Martha Gellhorn
(1908 – 1998)
Who: One of the first female war correspondents. Also, novelist, travel writer, stylish badass.
Signature Difficult Moves: Gellhorn covered virtually every major world war and conflict over the course of her sixty year career. Specialized in rule breaking to get a story such as stowing away on a hospital ship and posing as a stretcher bearer so she could get close to the action on D-Day
What People Said About Her: ”Reading Martha Gellhorn for the first time is a staggering experience. She is not a travel writer or a journalist or a novelist. She is all of these, and one of the most eloquent witnesses of the 20th century.” — Bill Buford
Personals: Married twice. Once to Ernest Hemingway whom she met in a bar in Key West; then T.S. Matthews, whom she also divorced. She resented being a “footnote” in Hemingway’s life, so that’s the last we shall speak of him. Mother of one son, whom she adopted as a single mom.
Feminine Charms: One of those leggy blonds who looks chic in a flak jacket.

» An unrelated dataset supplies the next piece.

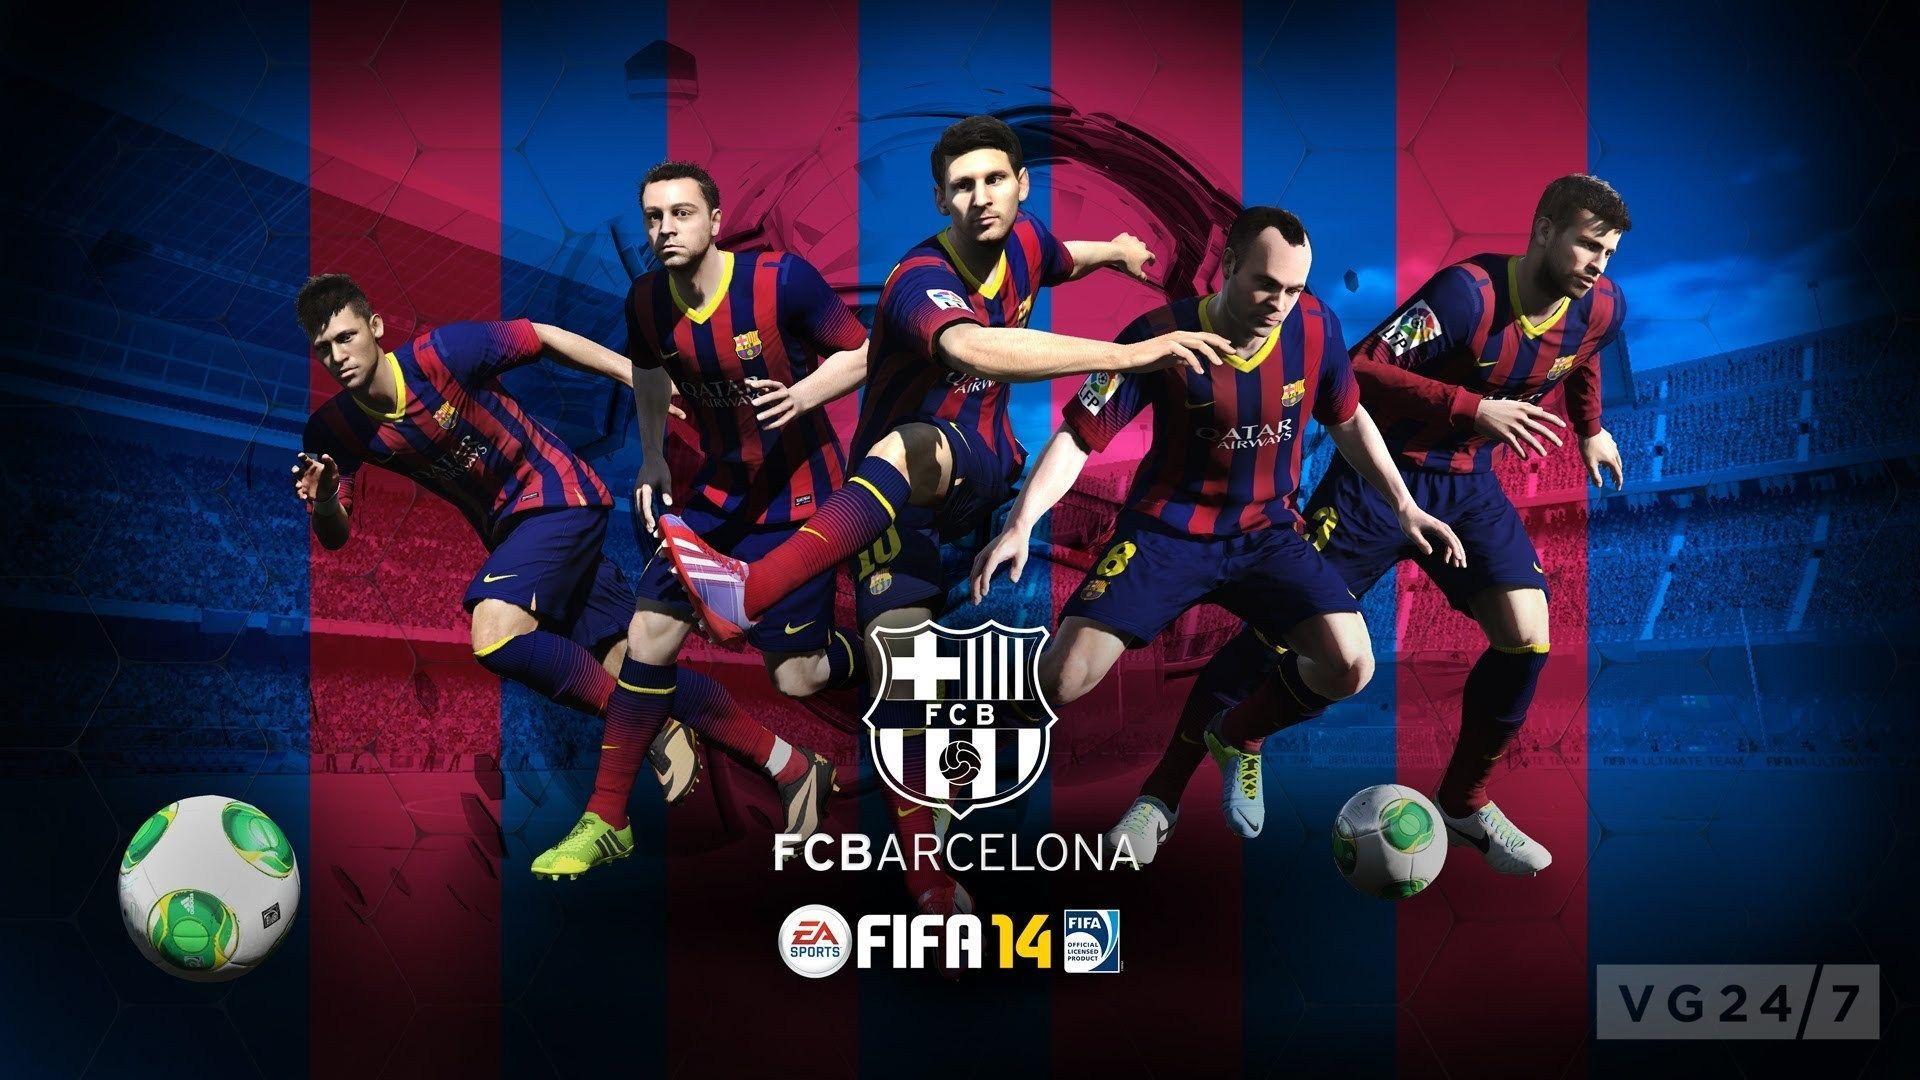 IPhone FC Barcelona Wallpaper CTG LigraficaMX Nike 1920x1080

More glamorous than Nicole Kidman, who played her in the HBO literary biopic He Whose Name Must Not Be Spoken & Gellhorn.
How She Spoke Truth to Power: By writing honest, blistering war coverage that made politicians break out in hives. She tagged along with the Americans during the liberation of Dachau and wrote: “Behind the barbed wire and the electric fence the skeletons sat in the sun and searched themselves for lice. They have no age and no faces; they all look alike and like nothing you will ever see if you are lucky.”
Quote to Live by: “Writing is payment for the chance to look and learn.”